Kubesense

GCS Log Archives

Ingesting GCS Log Archives with KubeSense

KubeSense aggregator supports ingesting logs from Google Cloud Storage (GCS) buckets by using Pub/Sub notifications. When new files are added to your GCS bucket, notifications are sent to a Pub/Sub topic, which the aggregator consumes. This enables real-time ingestion of archived logs, log rehydration, and migration from legacy systems.

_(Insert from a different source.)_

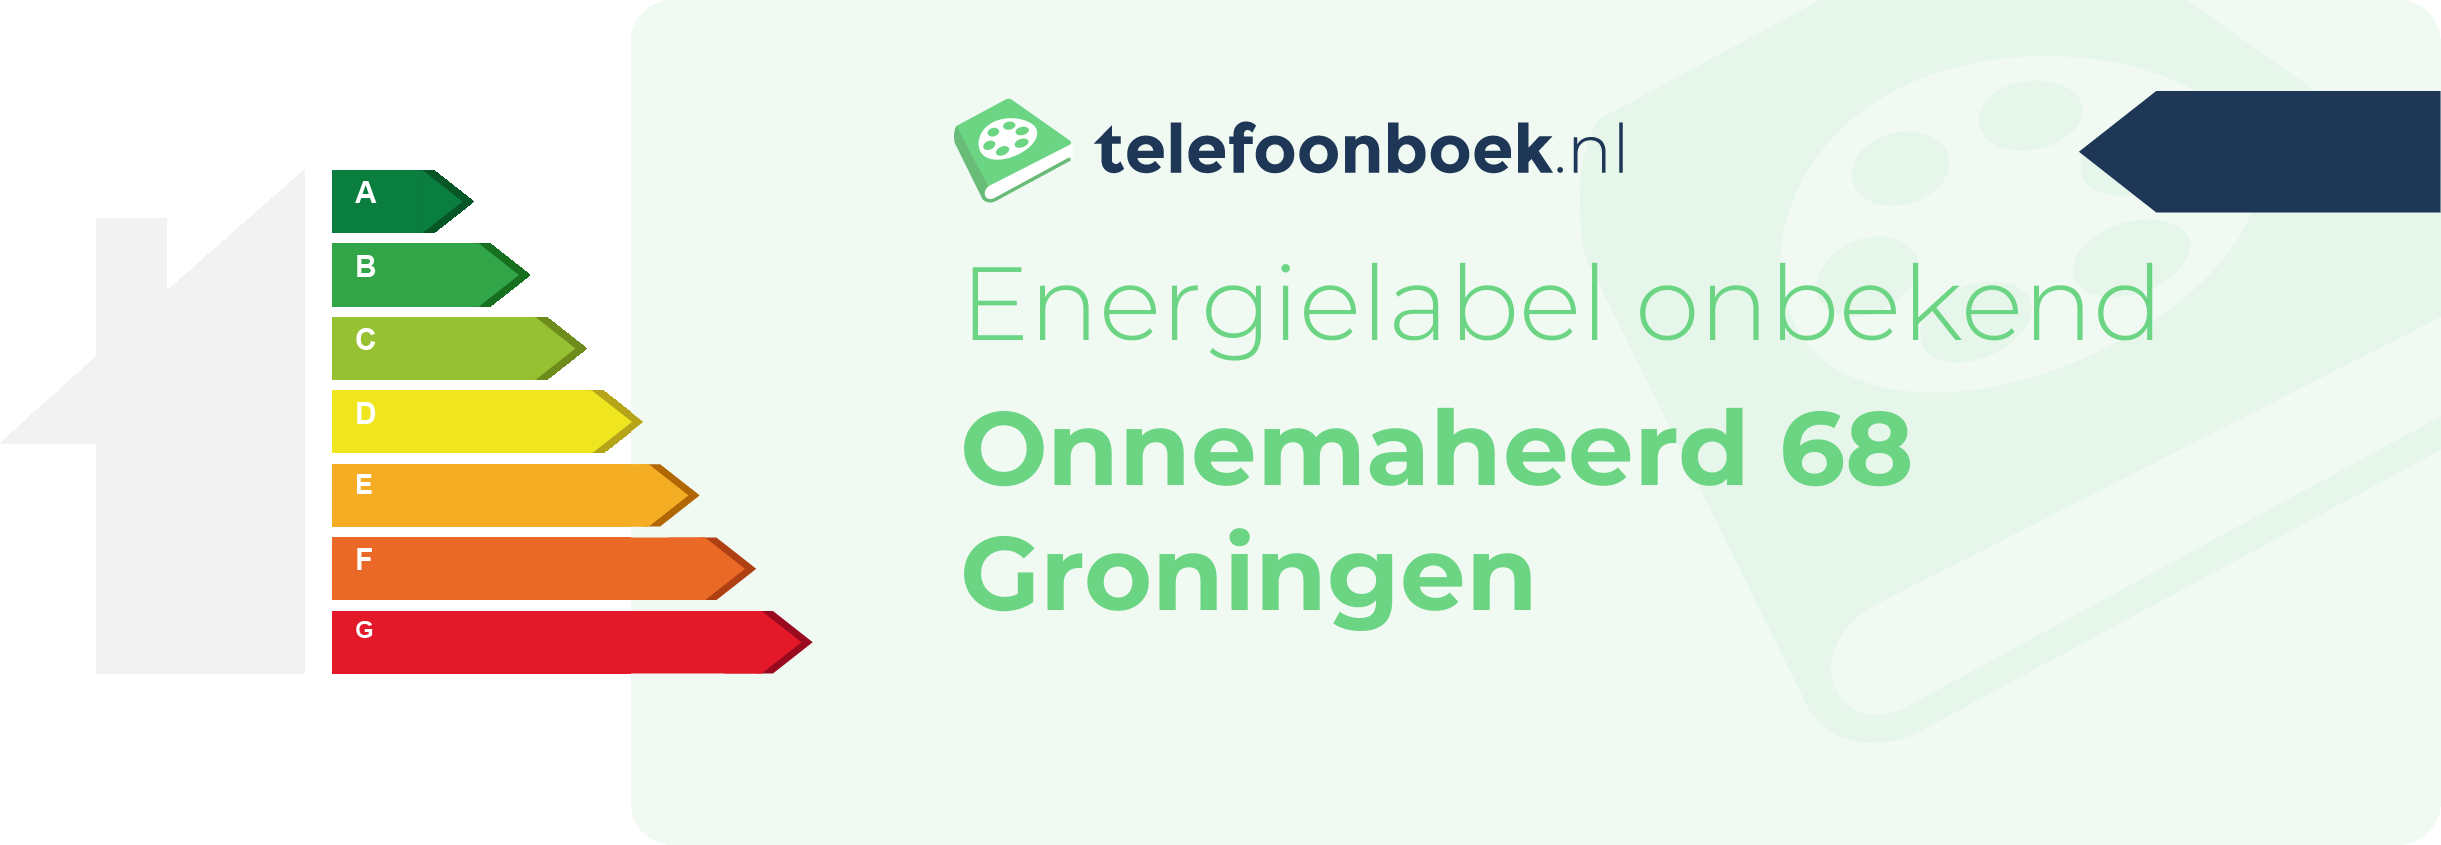 Energielabel Onnemaheerd 68 Groningen

Note: GCS log ingestion uses GCS bucket notifications to Pub/Sub, then the KubeSense aggregator consumes from Pub/Sub. This provides real-time ingestion as files are added to the bucket.

Prerequisites

Before you begin, ensure you have:

  1. GCS bucket containing log files
  2. Pub/Sub API enabled in your GCP project
  3. GCP service account with permissions to read GCS and consume Pub/Sub
  4. KubeSense aggregator deployed and accessible
  5. Appropriate permissions to configure the aggregator

Supported Log Formats

The KubeSense aggregator can ingest logs from GCS in various formats:

  • JSON logs - Structured JSON log files
  • Text logs - Plain text log files
  • Multi-line logs - Logs spanning multiple lines
  • Compressed logs - GZIP, BZIP2 compressed files
  • Cloud Logging export format - Exported Cloud Logging logs
  • VPC Flow Logs - GCP VPC Flow Log format
  • Load balancer logs - GCP load balancer access logs

Step 1: Create Pub/Sub Topic and Subscription

Create a Pub/Sub topic to receive GCS bucket notifications:

# Create Pub/Sub topic
gcloud pubsub topics create gcs-logs-notifications \
  --project=YOUR_PROJECT_ID

# Create subscription
gcloud pubsub subscriptions create gcs-logs-subscription \
  --topic=gcs-logs-notifications \
  --project=YOUR_PROJECT_ID

Step 2: Configure GCS Bucket Notifications

Configure your GCS bucket to send notifications to Pub/Sub when files are added:

# Enable notifications for the bucket
gsutil notification create -t gcs-logs-notifications \
  -f json \
  -e OBJECT_FINALIZE \
  gs://my-logs-bucket

# For specific prefix (optional)
gsutil notification create -t gcs-logs-notifications \
  -f json \
  -e OBJECT_FINALIZE \
  -p logs/2024/ \
  gs://my-logs-bucket

Notification Event Types

  • OBJECT_FINALIZE - Triggered when a new object is created (recommended)
  • OBJECT_METADATA_UPDATE - Triggered when object metadata is updated
  • OBJECT_DELETE - Triggered when an object is deleted
  • OBJECT_ARCHIVE - Triggered when an object is archived (for Archive storage class)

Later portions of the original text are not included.